Topical: Learning Repository Embeddings from Source Code using Attention

Machine learning on source code (MLOnCode) promises to transform how software is delivered. By mining the context and relationship between software artefacts, MLOnCode augments the software developers capabilities with code auto-generation, code recommendation, code auto-tagging and other data-driven enhancements. For many of these tasks a script level representation of code is sufficient, however, in many cases a repository level representation that takes into account various dependencies and repository structure is imperative, for example, auto-tagging repositories with topics or auto-documentation of repository code etc. Existing methods for computing repository level representations suffer from (a) reliance on natural language documentation of code (for example, README files) (b) naive aggregation of method/script-level representation, for example, by concatenation or averaging. This paper introduces Topical a deep neural network to generate repository level embeddings of publicly available GitHub code repositories directly from source code. Topical incorporates an attention mechanism that projects the source code, the full dependency graph and the script level textual information into a dense repository-level representation. To compute the repository-level representations, Topical is trained to predict the topics associated with a repository, on a dataset of publicly available GitHub repositories that were crawled along with their ground truth topic tags. Our experiments show that the embeddings computed by Topical are able to outperform multiple baselines, including baselines that naively combine the method-level representations through averaging or concatenation at the task of repository auto-tagging.

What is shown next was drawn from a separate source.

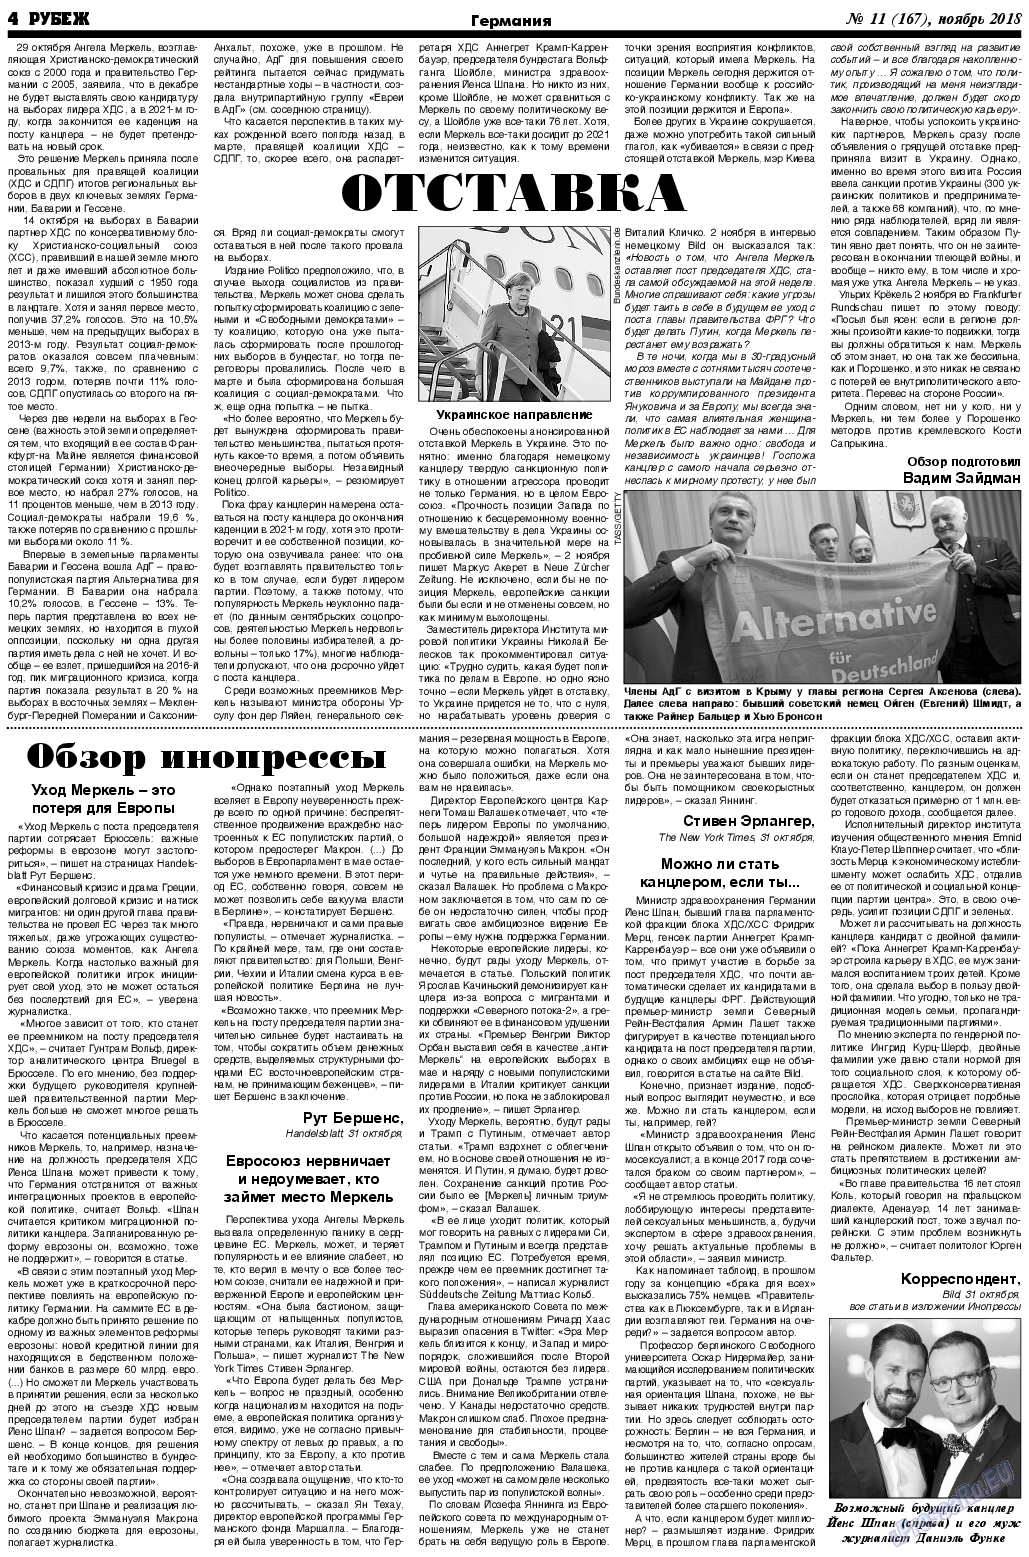 Рубеж, газета. 2018 №11 стр.4

翻译：摘要：对源代码的机器学习（MLOnCode）有望改变软件的交付方式。通过挖掘软件制品之间的上下文和关系，MLOnCode通过代码自动生成、代码推荐、代码自动标记及其他数据驱动增强来提升软件开发者的能力。对于许多此类任务，脚本级别的代码表示已足够，但在许多情况下，需要考虑各种依赖关系和仓库结构的仓库级别表示至关重要，例如，使用主题自动标记仓库或自动生成仓库代码文档等。现有的计算仓库级别表示的方法存在以下问题：（a）依赖代码的自然语言文档（例如README文件）；（b）通过连接或平均等方式对方法/脚本级别表示进行简单聚合。本文介绍了一种深度神经网络Topical，用于直接从源代码生成公开GitHub代码仓库的仓库级别嵌入。Topical采用注意力机制，将源代码、完整依赖关系图和脚本级别文本信息投影到密集的仓库级别表示中。为计算仓库级别表示，Topical通过对公开GitHub仓库数据集进行训练来预测与仓库相关联的主题，这些数据集包含爬取的地面真实主题标签。实验表明，在仓库自动标记任务中，Topical计算的嵌入在多个基线方法上表现出色，包括通过平均或连接等方式简单组合方法级别表示的基线方法。